The concept of converting logarithmic equations to exponential form is essential when solving logarithmic problems. A logarithm is essentially the inverse of an exponentiation. It answers the question, "To what exponent must the base be raised, to yield the number?" For example, in a logarithmic equation of the form \( \log_b(y) = x \), \(b\) is the base, \(y\) is the result of raising \(b\) to the power of \(x\). This can be reformulated as \( y = b^x \) in exponential terms.
In our given problem, \( \log(2-x)=0.5 \) is transformed into \( 2-x=10^{0.5} \). Here, since no specific base is indicated for the logarithm, we assume a common base of 10. Thus, the exponential form becomes \( 2-x = 10^{0.5} \), simplifying the equation and making it solvable for \(x\).
Converting to exponential form is a powerful step because it simplifies equations, allowing you to solve for the unknown variable effectively.

Once an equation is in its exponential form, the next step is solving for the unknown variable. For the equation \( 2-x = \sqrt{10} \), you need to isolate \(x\). This is done by simply rearranging the equation.
- Start with \( 2-x = \sqrt{10} \).
- Rearrange to solve for \(x\): \(x = 2 - \sqrt{10}\).
This straightforward rearrangement isolates the variable of interest, \(x\), giving us a precise form of the solution. Using numerical approximations is helpful for understanding the magnitude of the solution. Here, \( \sqrt{10} \approx 3.1623\), resulting in \(x \approx 2 - 3.1623 = -1.1623\).
This step not only finds the solution but confirms it by allowing easy substitution back into the original equation for verification.

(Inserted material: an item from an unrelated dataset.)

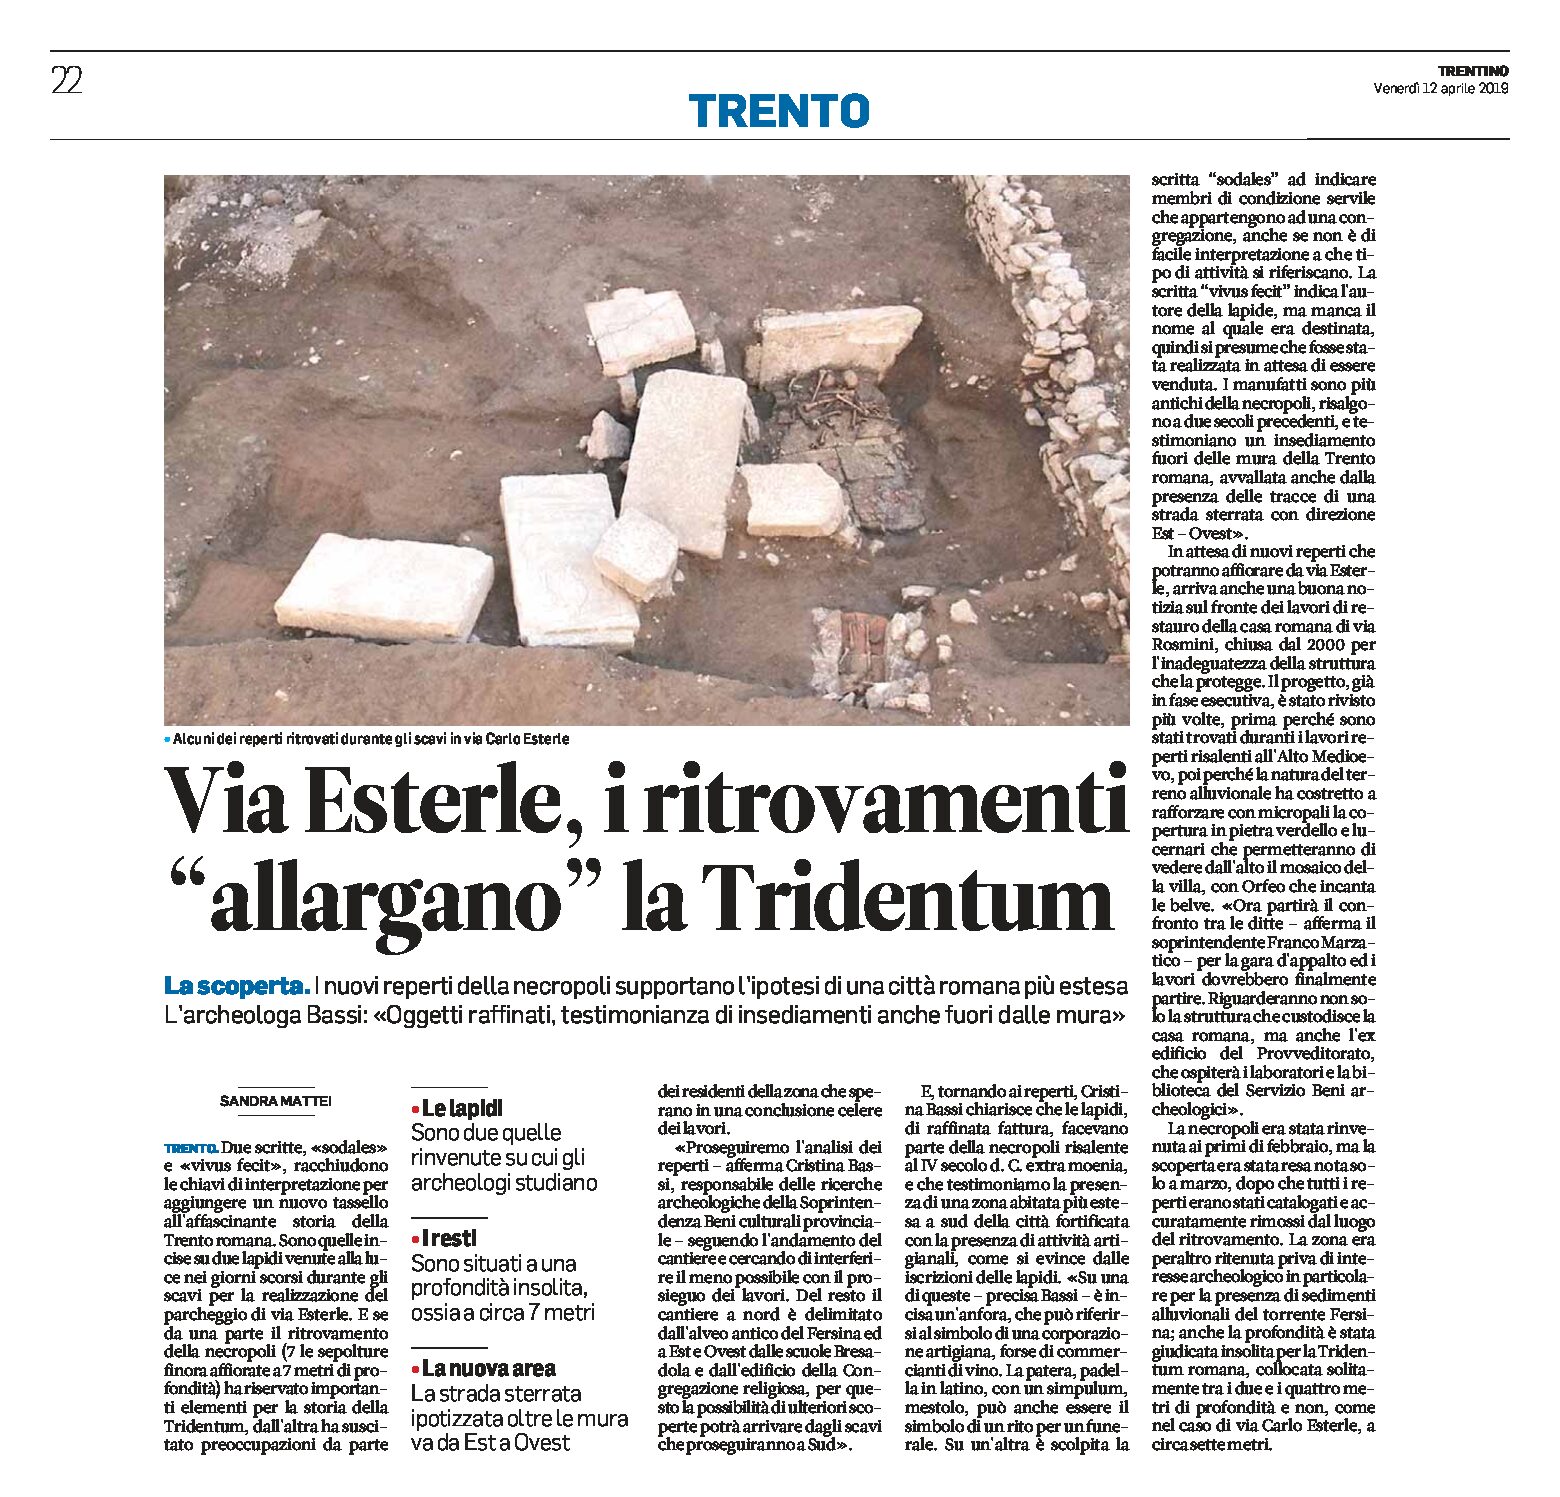 Trento, via Esterle: i ritrovamenti “allargano” la Tridentum

Logarithms possess unique properties that make them extremely useful in solving equations, especially those involving exponential relationships. Some key properties include:

• The product rule: \( \log_b(MN) = \log_b(M) + \log_b(N) \)
• The quotient rule: \( \log_b\left(\frac{M}{N}\right) = \log_b(M) - \log_b(N) \)
• The power rule: \( \log_b(M^k) = k \cdot \log_b(M) \)

These properties allow complex logarithmic expressions to be simplified. However, in our specific problem, these properties help in setting the ground for understanding the shift from logarithmic to exponential form if needed. Knowing these can simplify many steps in working through logarithmic equations and translating them into exponential equations.
Each property aids in dismantling complicated logarithmic expressions, merging multiple logarithms into single expressions, or vice versa, making the process of solving log-based equations more tractable.